Intel® VTune™ Profiler

User Guide

ID 766319
Date 12/20/2024
Public
Document Table of Contents

Analyze Linux Kernel I/O

Use the Input and Output analysis of Intel® VTune™ Profiler to match user-level code to I/O operations executed by the hardware.

This collection mode uses hardware event-based sampling collection and system-wide Ftrace* collection to provide a consistent view of the storage system combined with hardware events, as well as an easy-to-use method to match user-level source code to I/O operations executed by the hardware.

NOTE:

This analysis actively relies on the data provided by the kernel block driver sub-system. If your platform utilizes a non-standard block driver sub-system, such as in the case of using user-space storage drivers, I/O metrics will not be available in this analysis type.

VTune Profiler provides the following system-wide metrics for the kernel I/O analysis:

  • I/O Wait — this system-wide metric represents the amount of time during which the CPU cores were idle due to threads being in an I/O wait state.

  • I/O Queue Depth — this metric shows the number of I/O requests submitted to the storage device. If the number of requests in a queue is zero, this means that there are no requests scheduled, and the disk is not utilized at all.

  • I/O Data Transfer — this metric shows the number of bytes read from or written to the storage device(s).

  • Page Faults — this metric shows the number of page faults that have occurred on the system. It is particularly useful when analyzing access to memory-mapped files.

  • CPU Activity — this metric represents the portion of time the system spent in one of the following states:

    • Idle state — the CPU core is idle

    • Active state — the CPU core is executing a thread

    • I/O Wait — the CPU core is idle, but there is a thread that could potentially be executed on this core that is blocked by disk access.

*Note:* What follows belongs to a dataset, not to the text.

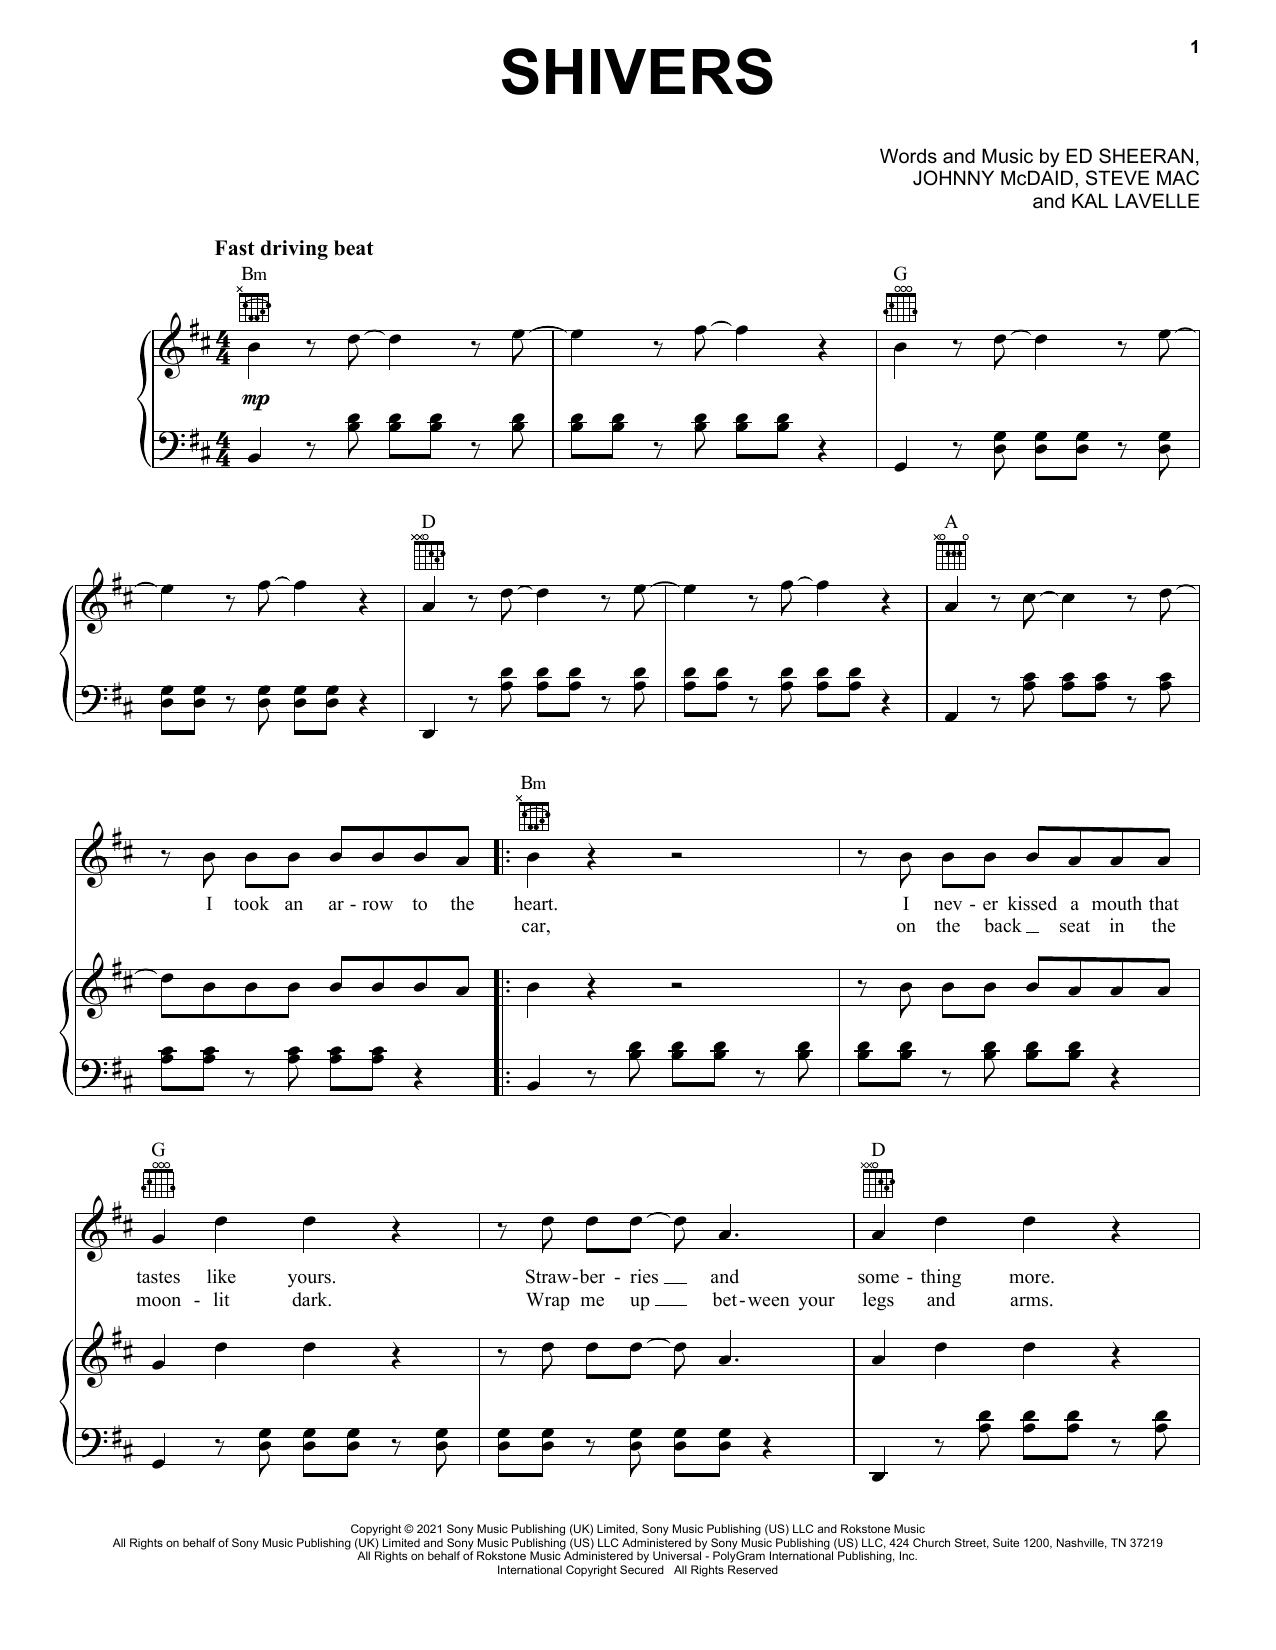 Ed Sheeran Shivers Sheet Music Notes & Chords for Ukulele - Download or Print PDF
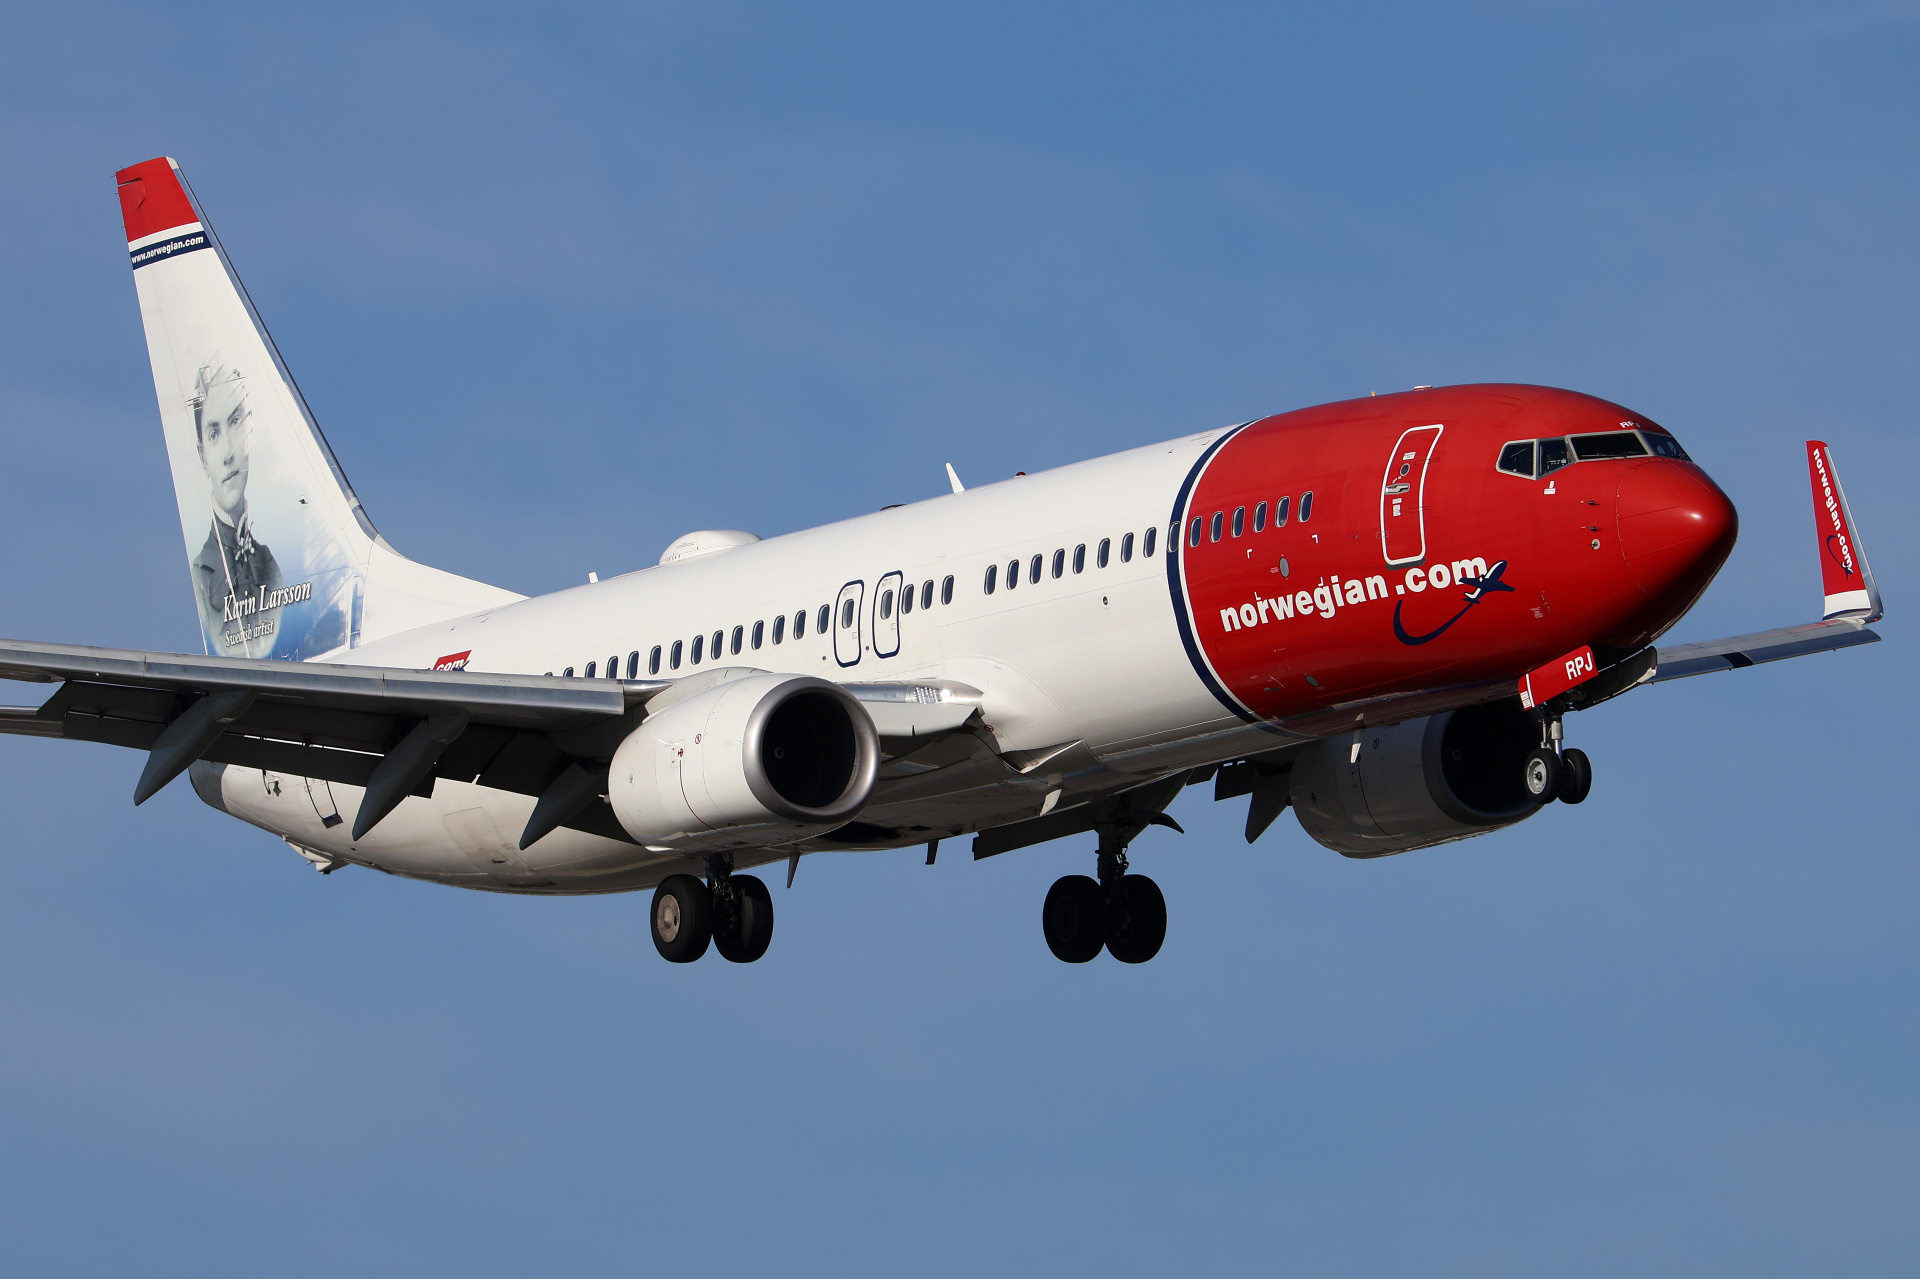 SE-RPJ, Norwegian Air Sweden (Aircraft » EPWA Spotting » Boeing 737-800 » Norwegian Air)

All I/O metrics collected by VTune Profiler, such as I/O Wait Time, I/O Waits, and I/O Queue Depth, are collected in a system-wide mode and are not target-specific.

Analyze I/O Wait Time

To analyze I/O Wait Time, start with the Summary window. This window provides a quick overview of the target system performance and introduces the I/O Wait Time metric that helps you identify whether your application is I/O-bound:

The I/O Wait Time metric represents a portion of time during which the threads are in I/O wait state while the system has cores in idle state. In this case, the number of threads is not greater than the number of idling cores. This aggregated I/O Wait Time metric is an integral function of the I/O Wait metric that is available in the Timeline pane of the Bottom-up window.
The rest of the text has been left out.